** DATA BLOCK **
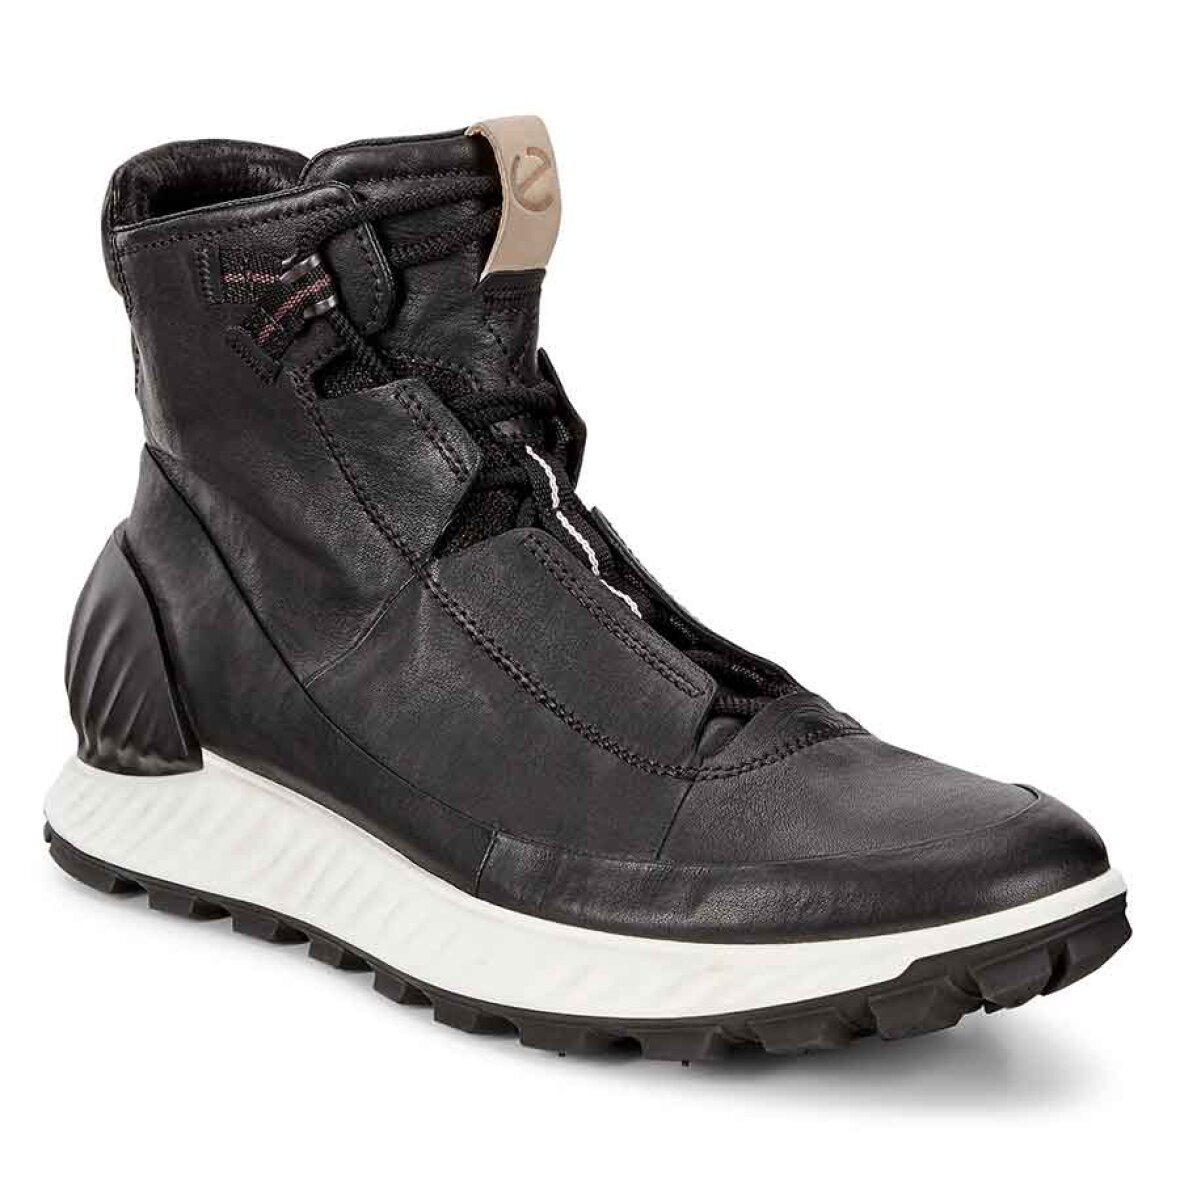 Post fangst komme til syne Ecco Exostride M black I 1 stilfuld støvle i prisvindende design I Køb her
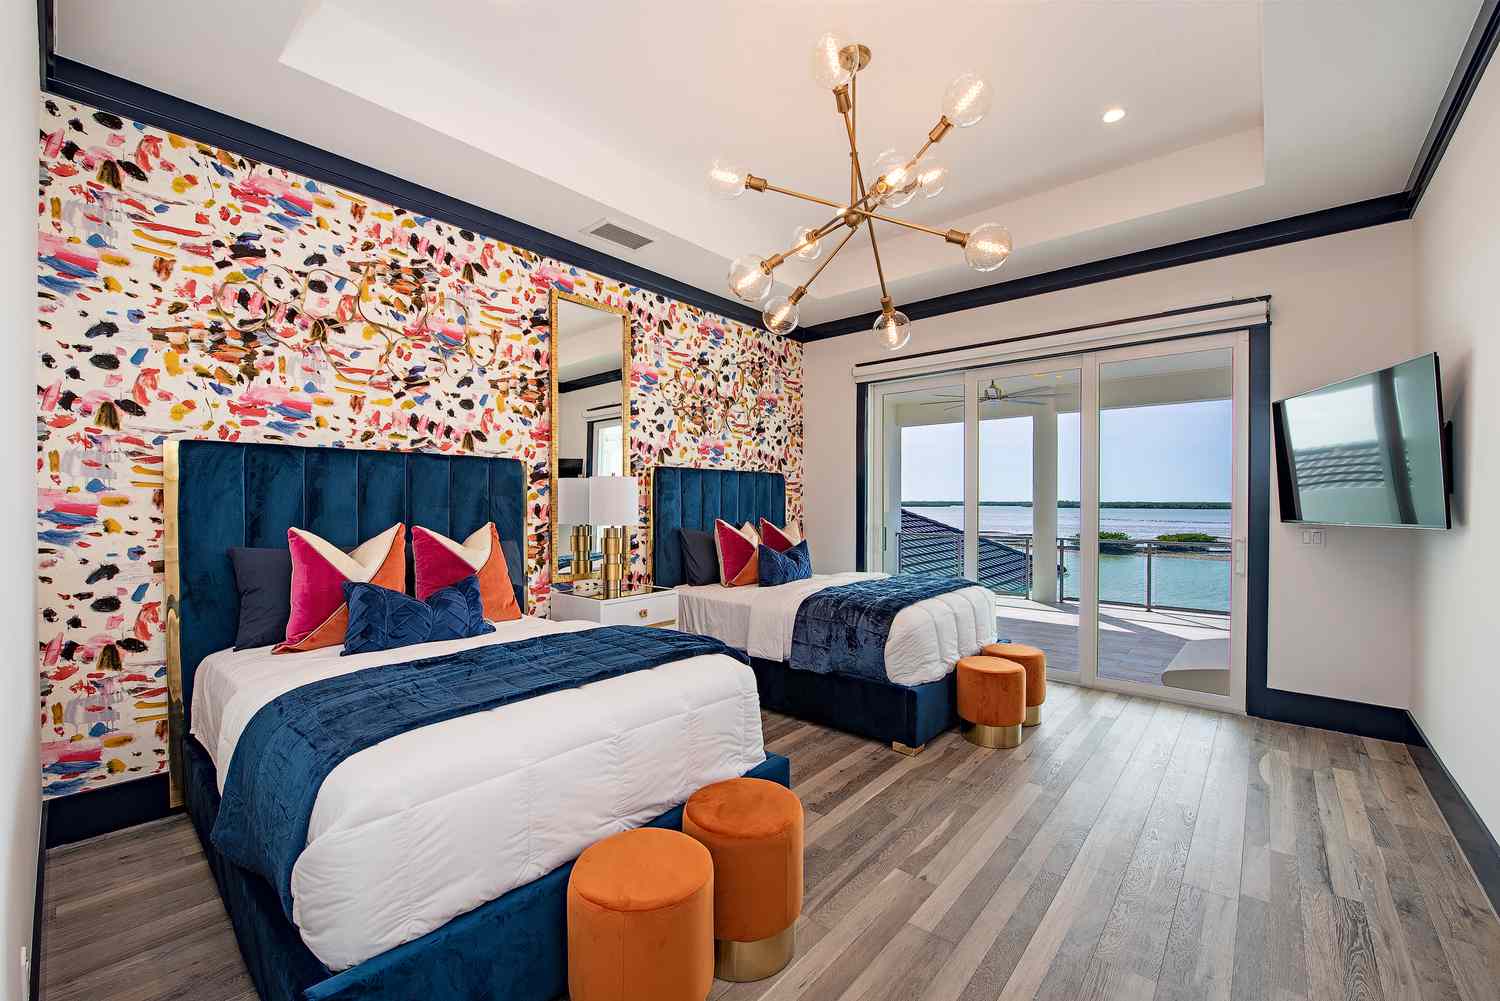 Um quarto com duas camas de casal e papel de parede colorido em uma parede de destaque
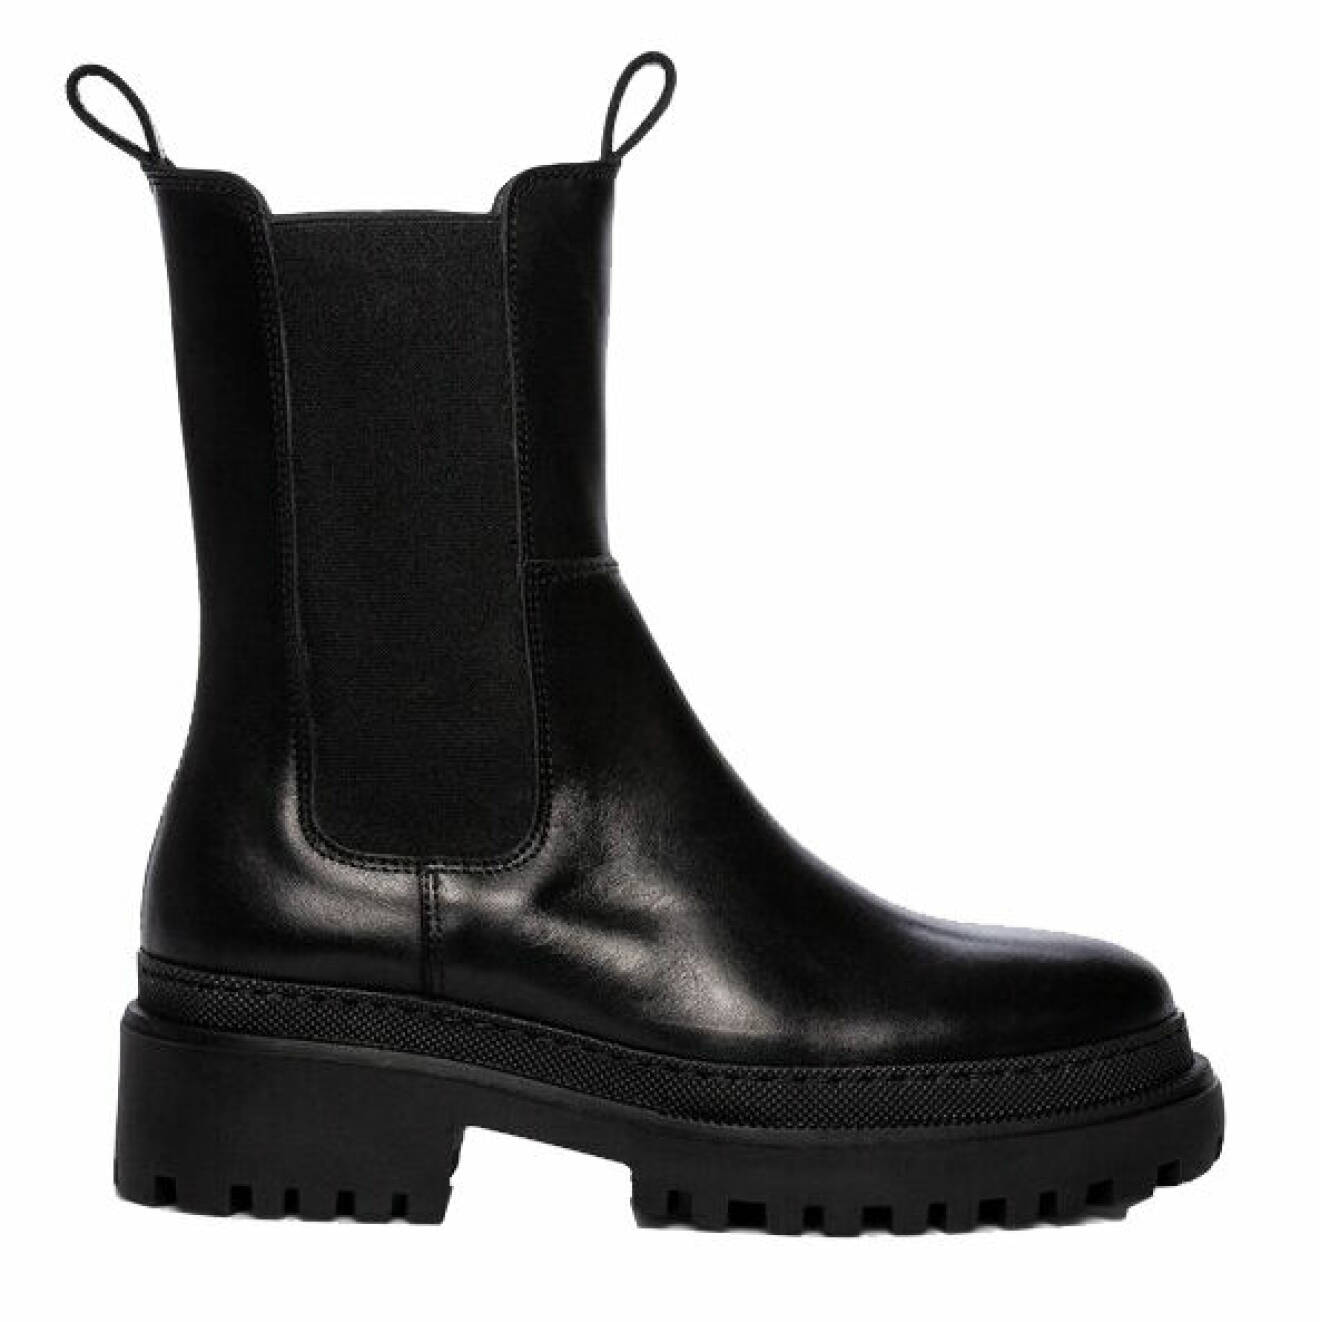 bästa köpen i oktober - svarta chunky boots

** WORK REQUEST **
The data above should be repeated exactly, minus any pictures.

** WRITTEN RESPONSE **
 Post fangst komme til syne Ecco Exostride M black I 1 stilfuld støvle i prisvindende design I Køb her
 Um quarto com duas camas de casal e papel de parede colorido em uma parede de destaque
 bästa köpen i oktober - svarta chunky boots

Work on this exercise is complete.